┌────────
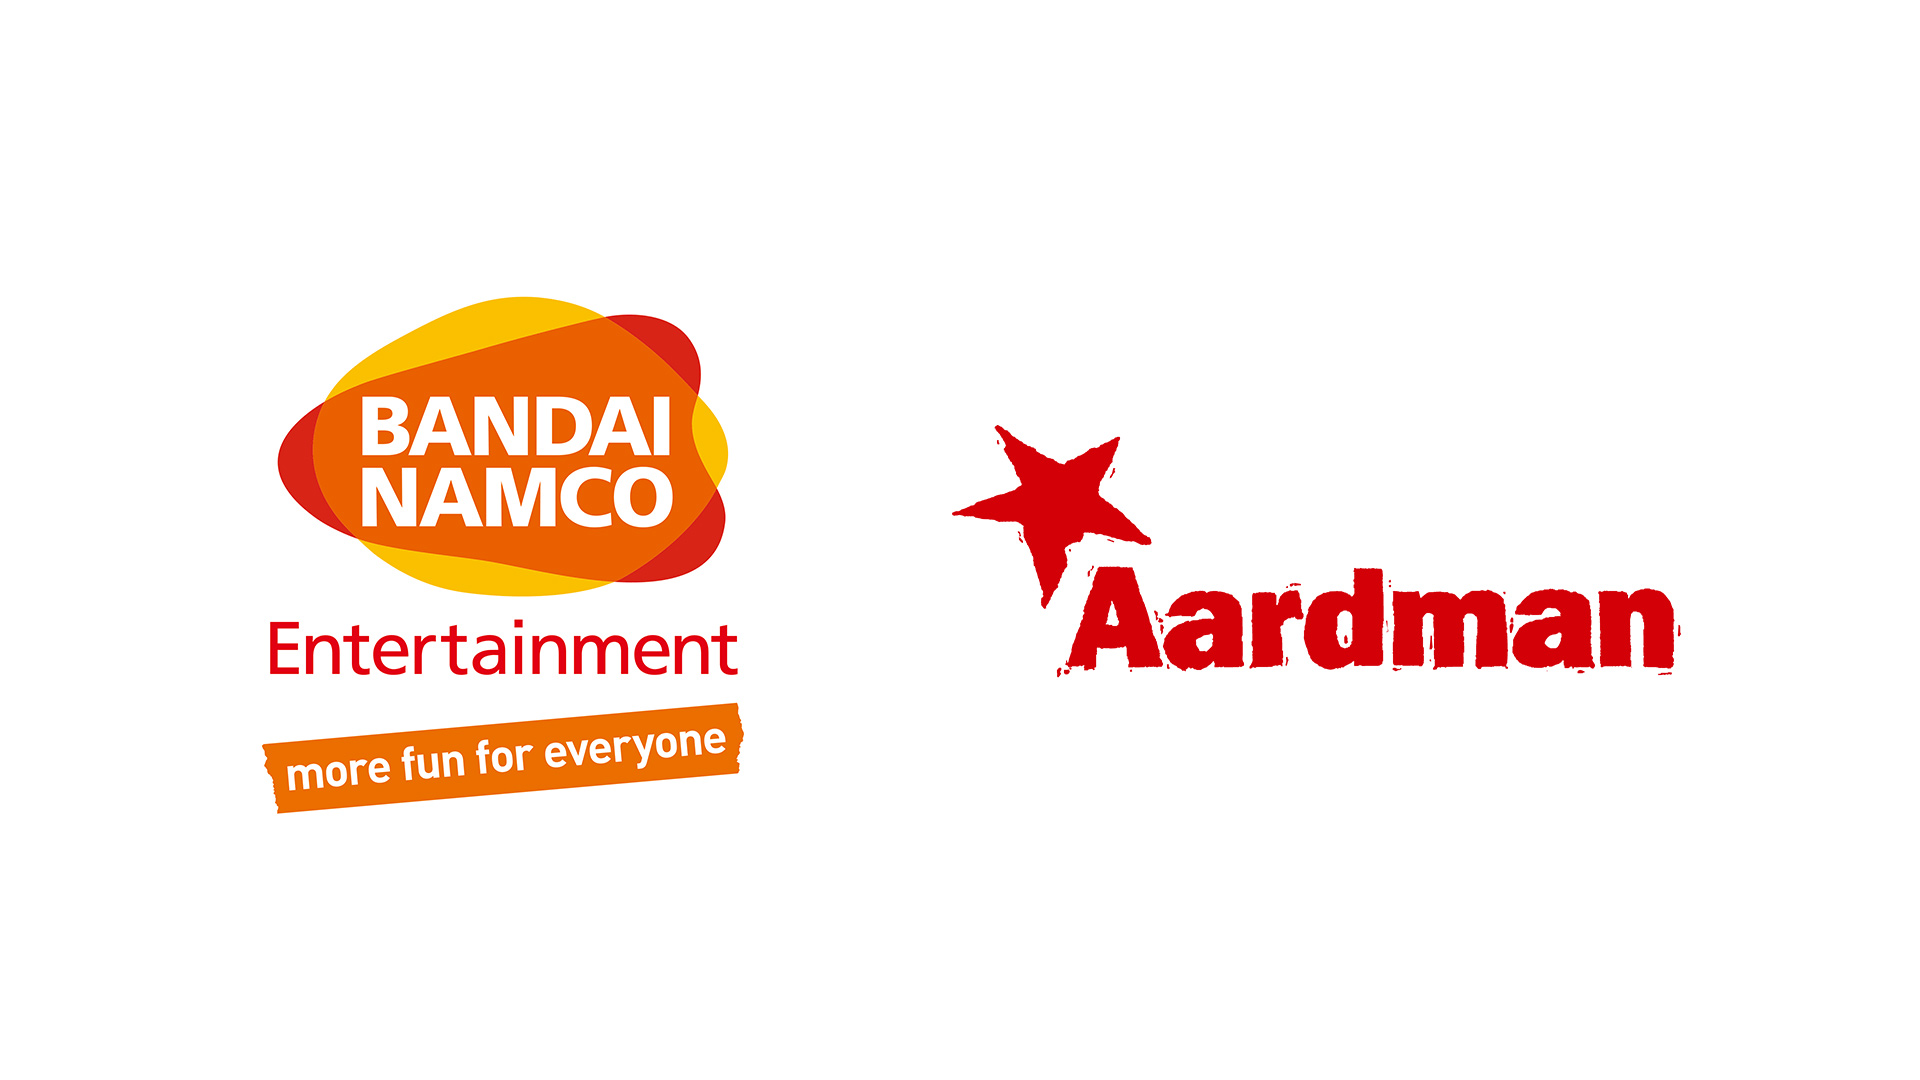 شرکت Bandai Namco با همکاری استودیو Aardman بازی جدیدی می سازد
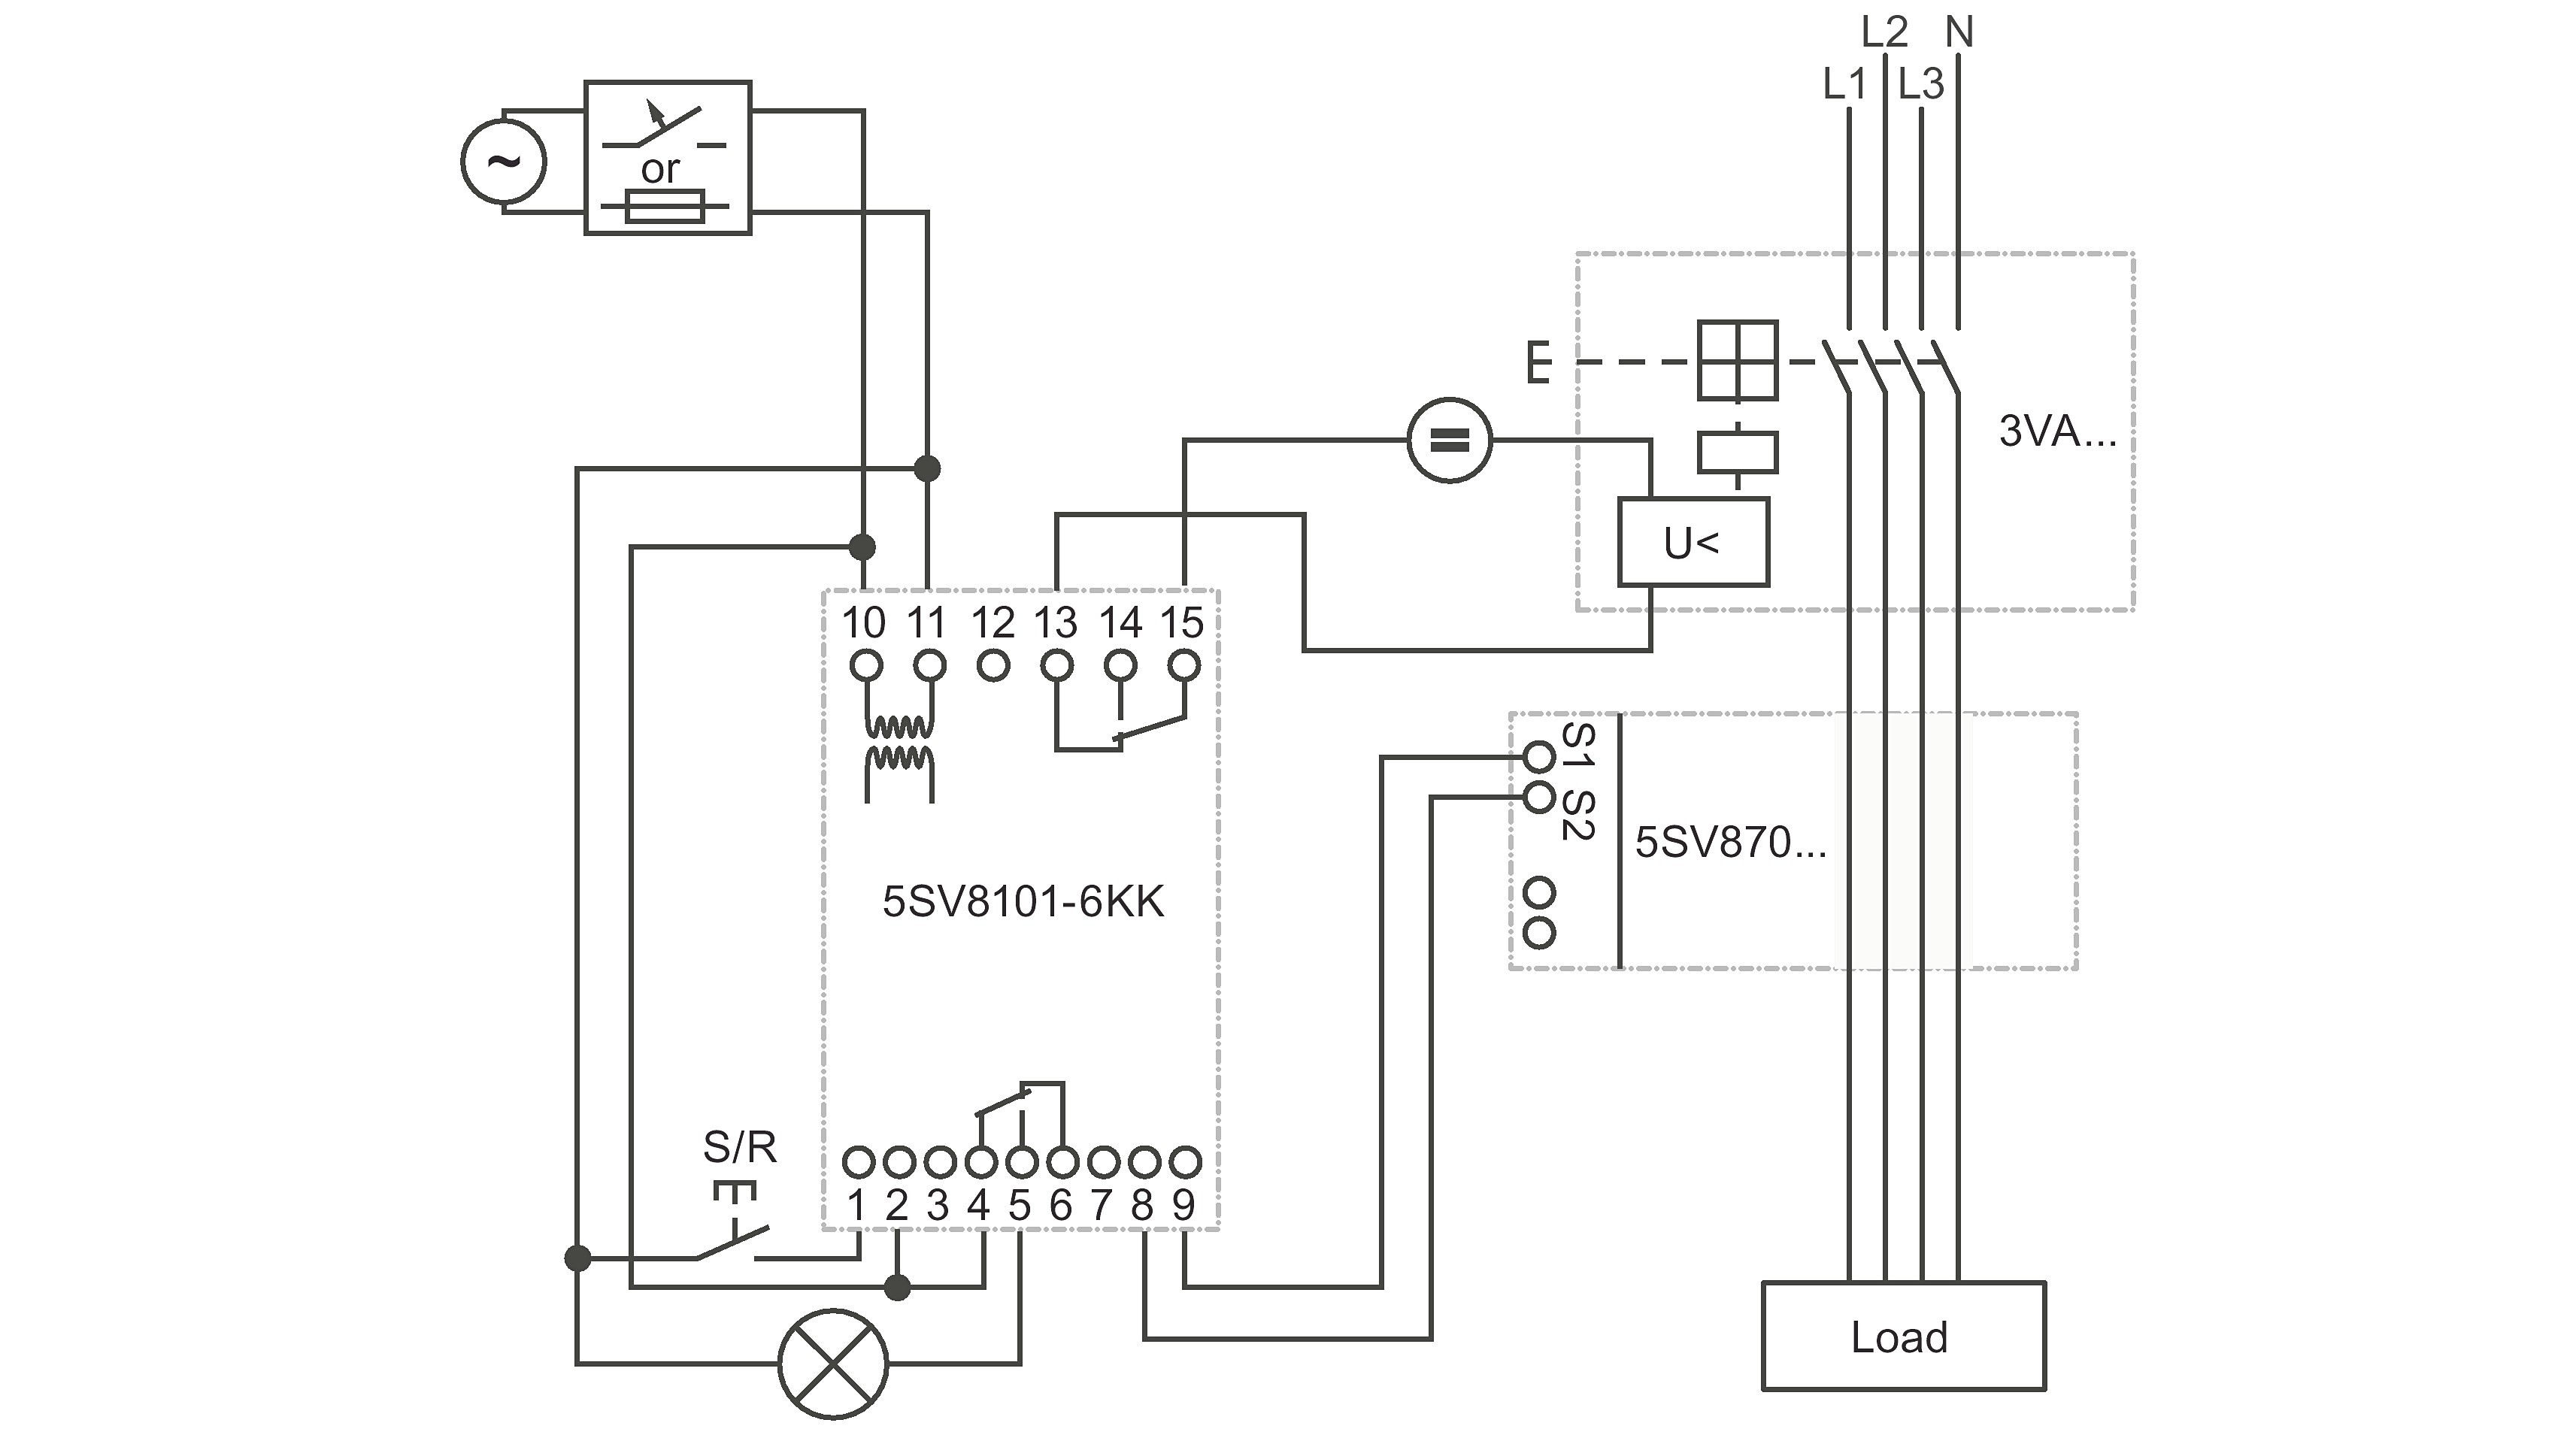 Circuit Breaker Diagram Fresh Wiring Diagram for Shunt Trip Circuit Breaker Wiring Diagram
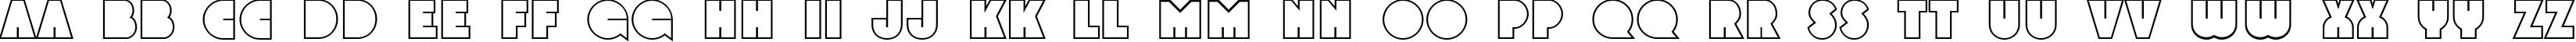 Пример написания английского алфавита шрифтом a_GrotoOtl
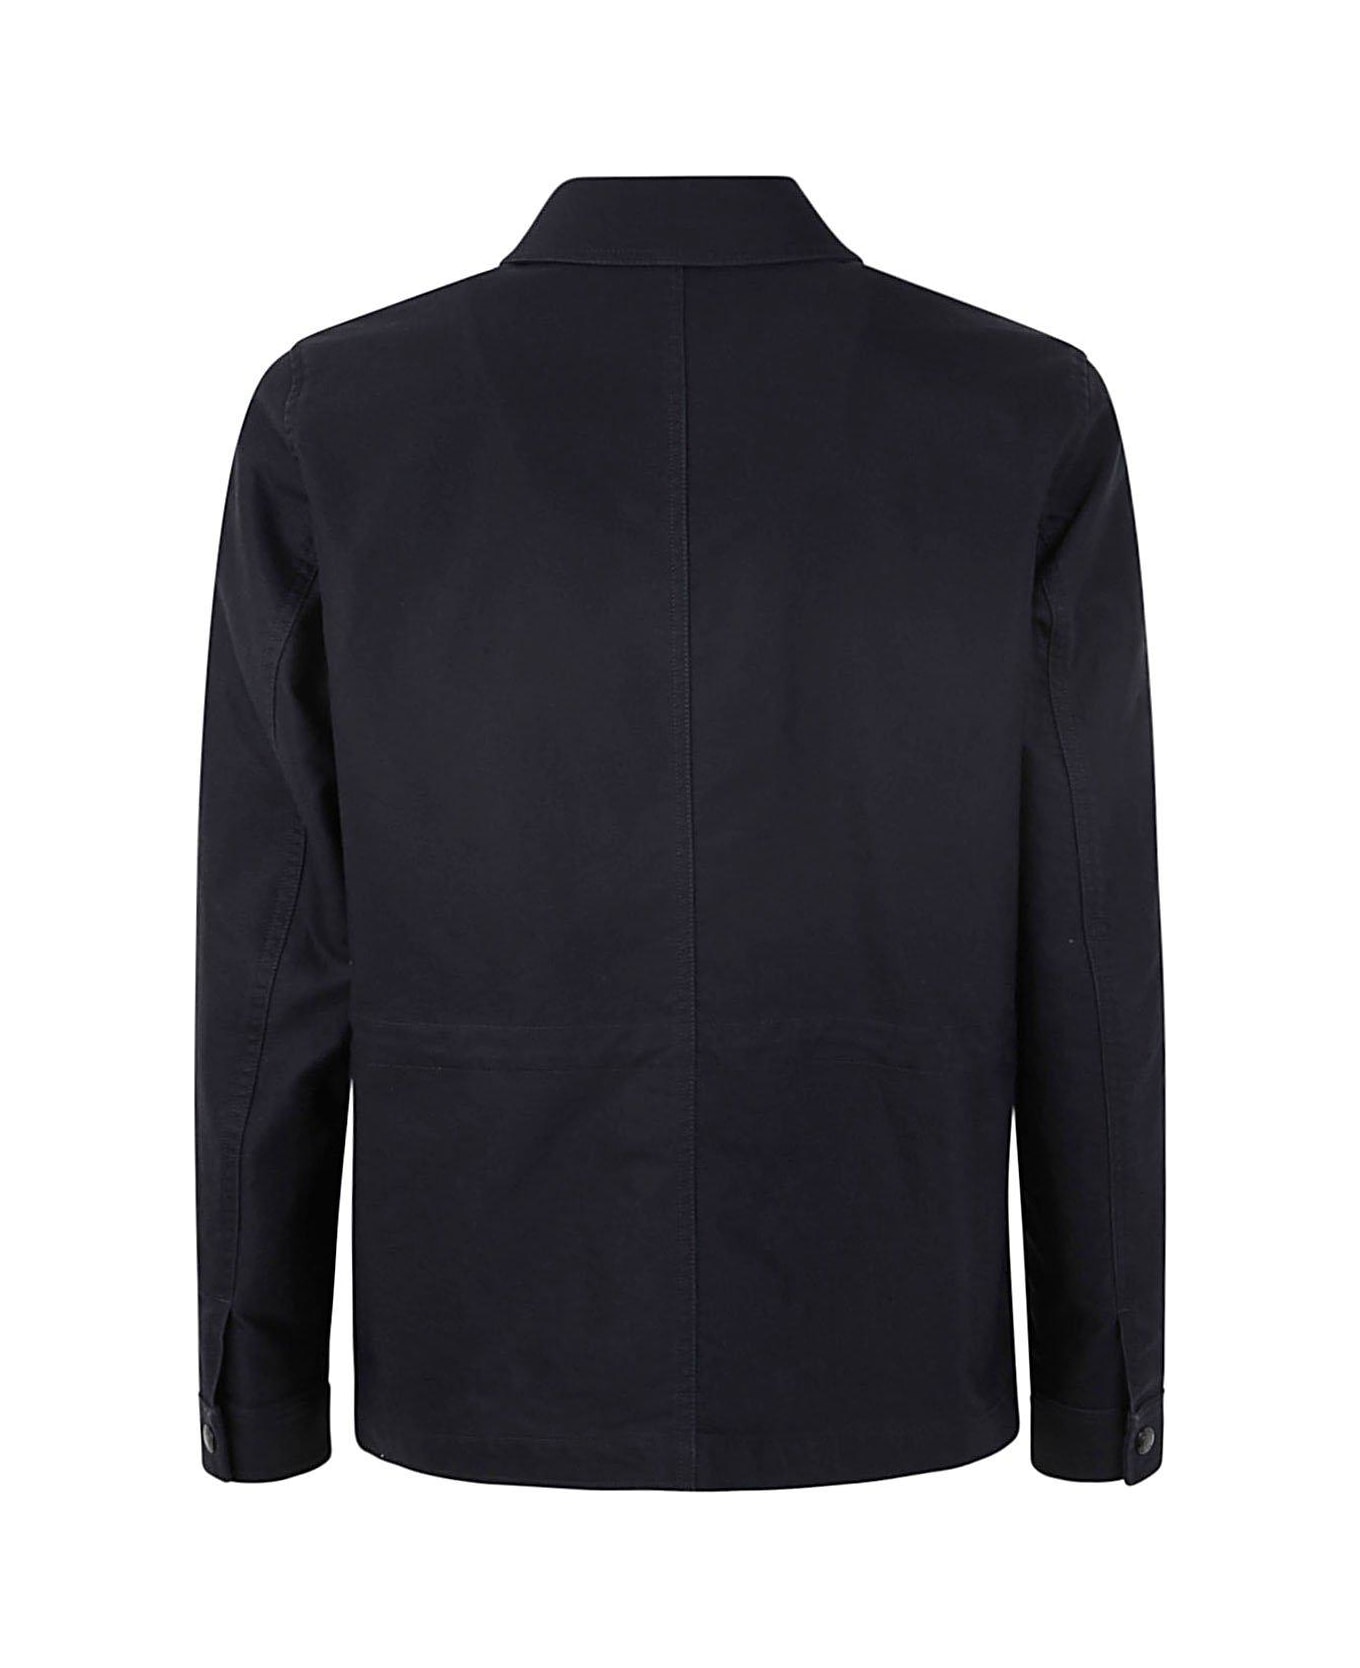 Tom Ford Chest Pocket Shirt Jacket - Blu Navy
└────────
Please give the material above again in full, with no pictures in your version.

 شرکت Bandai Namco با همکاری استودیو Aardman بازی جدیدی می سازد
 Circuit Breaker Diagram Fresh Wiring Diagram for Shunt Trip Circuit Breaker Wiring Diagram
 Пример написания английского алфавита шрифтом a_GrotoOtl
 Tom Ford Chest Pocket Shirt Jacket - Blu Navy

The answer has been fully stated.